Future updates will likely expand critical minerals designations as clean energy deployment accelerates and new technologies emerge. Materials currently assessed as near-critical may cross thresholds as demand grows or supply concentrations increase. Conversely, successful diversification efforts or technological substitutions may reduce criticality for currently designated materials, demonstrating that policy interventions can address vulnerabilities.
For battery recycling specifically, the Act’s framework positions domestic recycling infrastructure to play increasingly important roles as the electric vehicle fleet expands. Every battery recycled domestically represents critical minerals that don’t require importation, reducing supply chain vulnerabilities while supporting environmental sustainability. The Energy Act 2020 established the legal and policy foundation that recognizes this strategic value.
Conclusion: Legislative Foundation for Mineral Independence
The Energy Act of 2020 represents the most comprehensive critical minerals legislation in American history. By defining critical minerals in statute, establishing dynamic update requirements, mandating interagency coordination, directing research and assessment activities, and explicitly supporting recycling and workforce development, the Act created the foundation for sustained federal commitment to mineral supply chain security.
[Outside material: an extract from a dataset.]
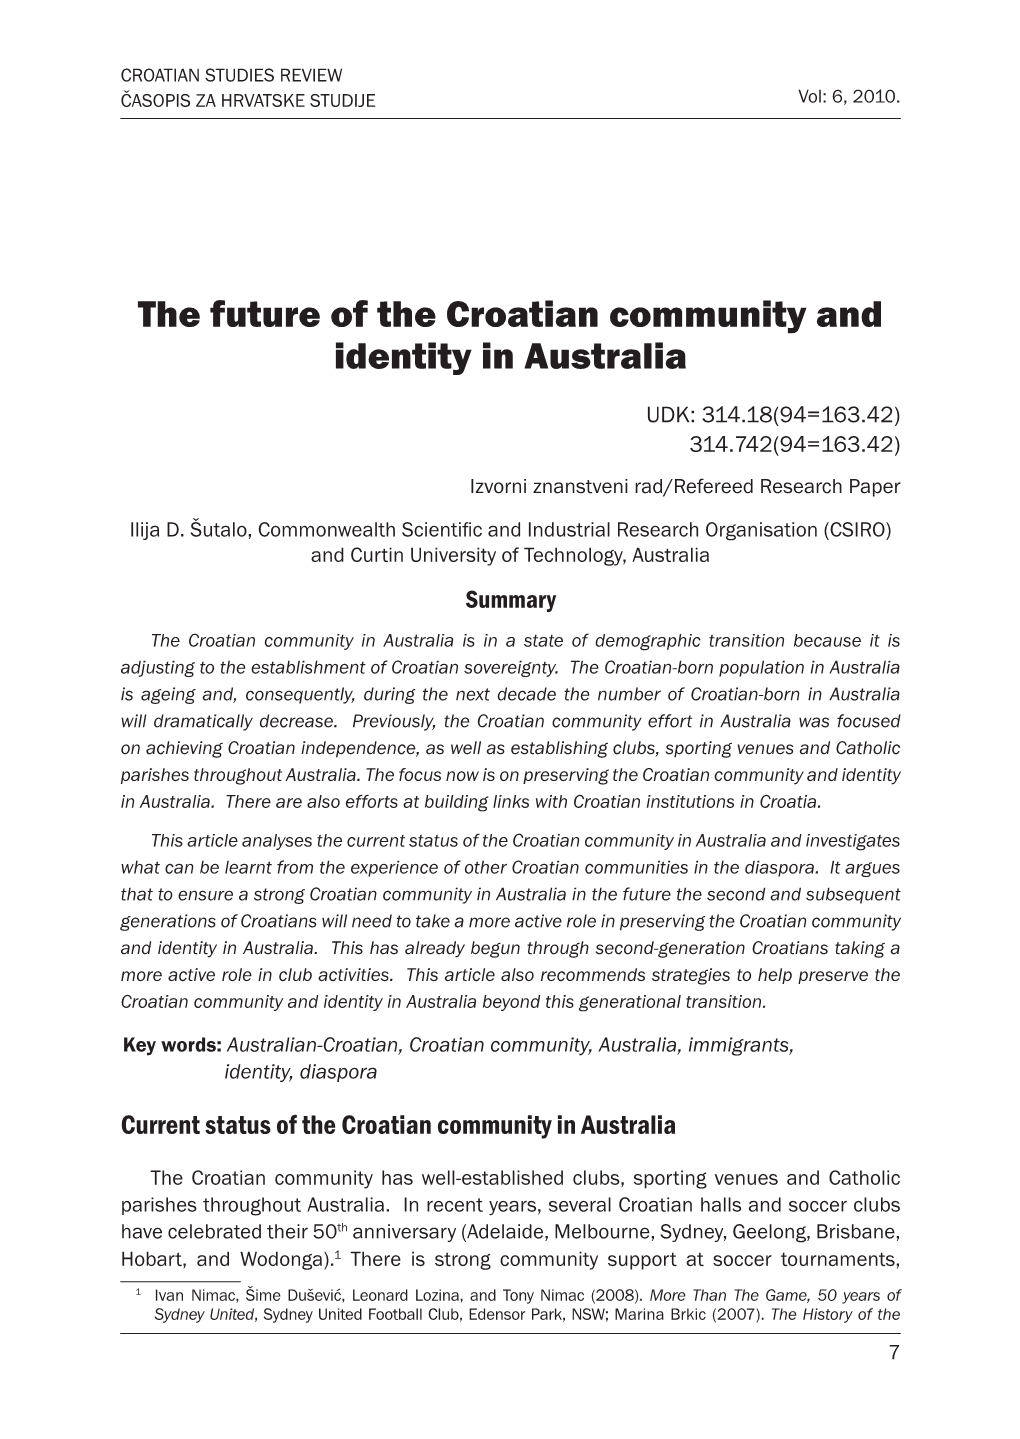 The Future of the Croatian Community and Identity in Australia

The legislation’s bipartisan passage demonstrated that critical minerals policy transcends partisan divisions when framed around national security, economic competitiveness, and technological leadership. The framework established in 2020 enabled subsequent legislation to build comprehensive initiatives totaling billions in federal investment across mining, processing, manufacturing, and recycling infrastructure.
For the battery recycling sector, the Energy Act 2020 validated that domestic recycling represents strategic mineral production deserving federal support equal to primary mining. As electric vehicle adoption accelerates and clean energy deployment expands, the Act’s provisions ensuring that recycled materials receive equal policy treatment with newly mined resources will prove increasingly important to achieving genuine mineral independence.
The Energy Act of 2020 will be remembered as the legislative foundation that positioned America to compete effectively in the global transition to electrified, low-carbon economies while strengthening national security and reducing dependence on adversarial nations for materials essential to modern life.